Influences from his Harrowing Experiences on the Front Lines of World War II

W. Eugene Smith was a very brave man and sacrificed his life for the sake of his art. As a war correspondent, he ended up in the Pacific theatre, where brutal and bloody island fighting took the lives of countless men. Through his work, he endeavored to convey the horror of war in a socially conscious manner. He was on 26 combat missions and D-Day on Okinawa. His stunning work is available to see at life.com. While on the coast there photographing a series he called “A Day in the Life of a Front Line Soldier,” he was severely wounded by Japanese artillery. He was waylaid in a hospital for two grueling years of convalescence as a result.

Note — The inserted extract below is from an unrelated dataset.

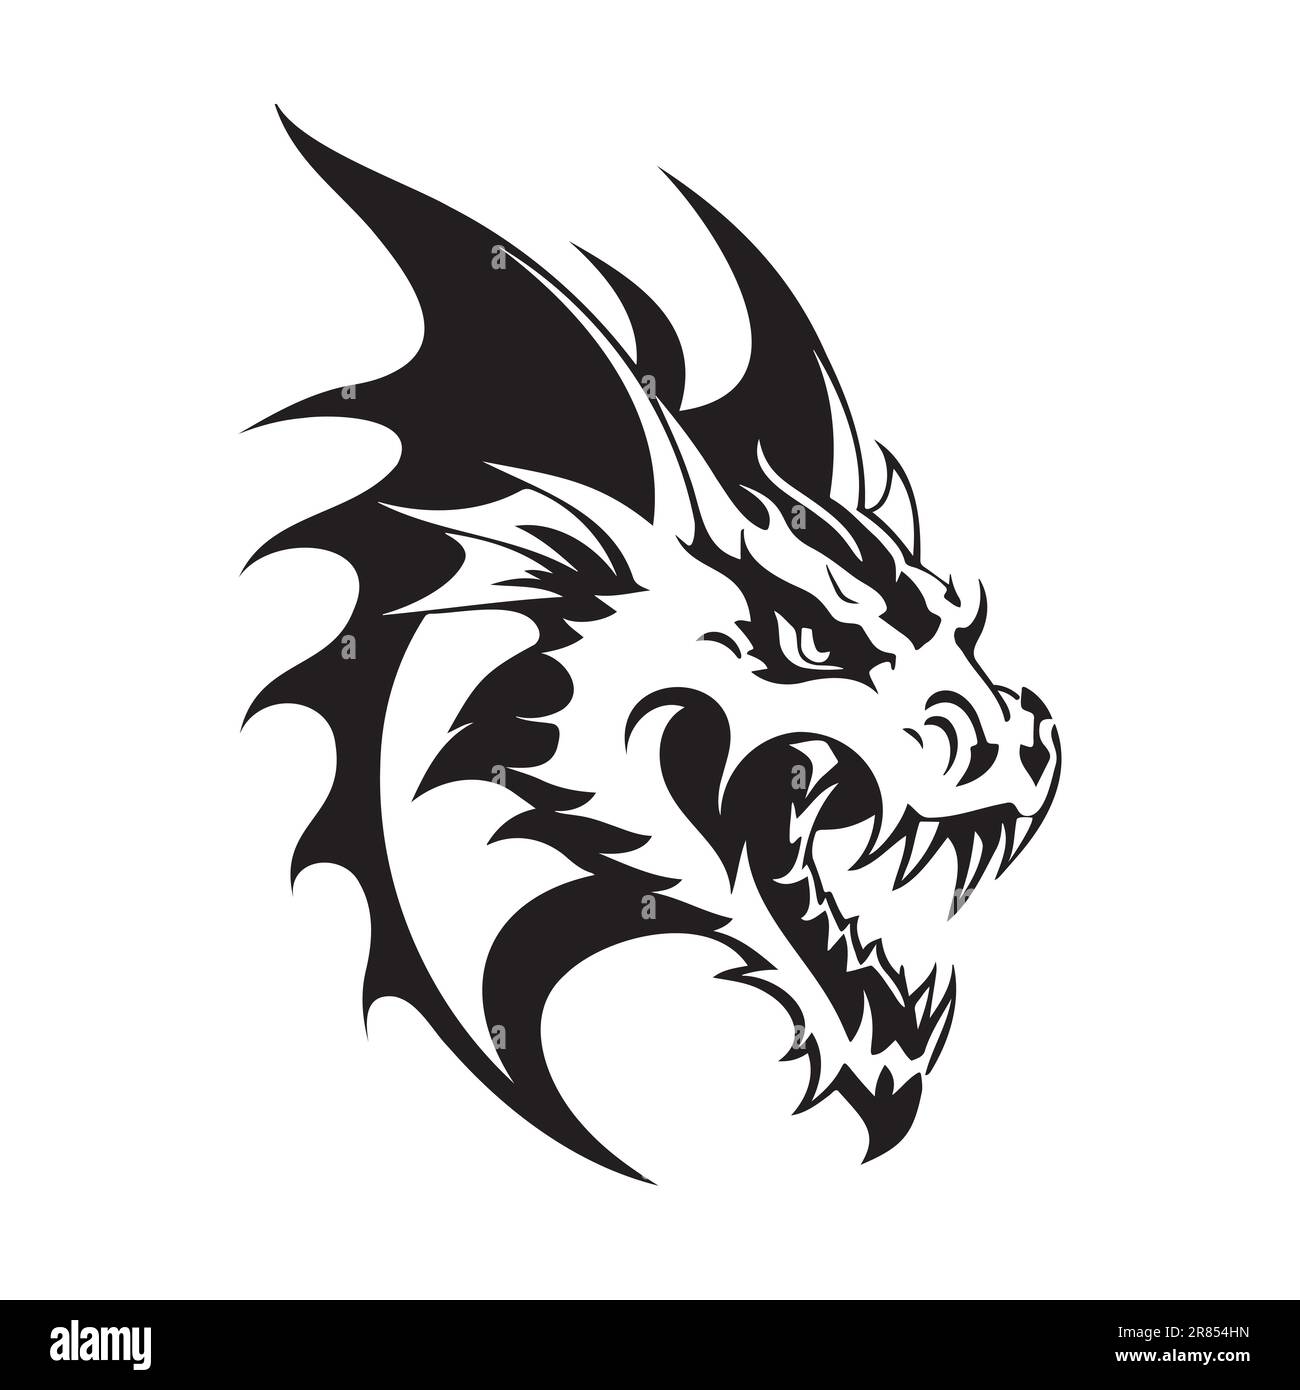 Dragon head drawing Black and White Stock Photos & Images - Alamy

During that period of recovery, he took a painful walk with his two children and despite the pain he endured to manipulate a camera, he created one of the most famous photographs ever taken, “A Walk to Paradise Garden.” In this black and white classic, his two children are walking with their backs to the camera, perfectly framed in the foliage surrounding the path, walking from darkness into light. If you’re not moved by this poignant image, have your heart checked to make sure someone hasn’t replaced it with a black stone. By the way, the photograph where a gleeful Harry Truman is holding up a newspaper erroneously announcing that Dewey defeated him in the Presidential election is also the work of the photographer Eugene Smith.

The Rest of the Story

Continuing with his on-again, off-again relationship with Life, Smith created epoch photo essays as the result of obsessively immersing himself into his subject matters. This wasn’t the standard in photojournalism, but since he went against the grade and coveted the sanctity of his art over job security, he did things his way. In a photo essay for Life dubbed “Nurse Midwife," Smith captured the essence of a black woman working in the harsh and poor conditions of the rural south. The work was an evocative portrait about racism that created empathy in readers nationwide. Much like the famous landscape photographers that helped us see the world in a different way; W. Eugene Smith’s portraits elicited an evocative response from the people that inhabit it.

As an independent freelancer in 1956, he poured himself into monolithic study of life in Pittsburg, taking over ten thousand photographs and paring it down to 50 when it came time to finally publish it. In a way, it was a break from his career in photojournalism and an avenue to get closer to his artistic roots. Unfortunately for his wife and family, he was too obsessive about his work. Unable to balance both work and family, he chose to leave them and pursue his art in his late fifties. Ironically, throughout his career, Smith endeavored to get in really close to his subjects to capture that raw emotion making him somewhat of a pioneer in that technique. Perhaps that same attention wasn’t demonstrated in his home. In 1970, his “Let Truth Be the Prejudice” was displayed at the Jewish Museum in New York brought him even greater acclaim as a socially conscious artist dedicated to his ideals. His life enabled people to become aware and appreciate events and people in unprecedented ways.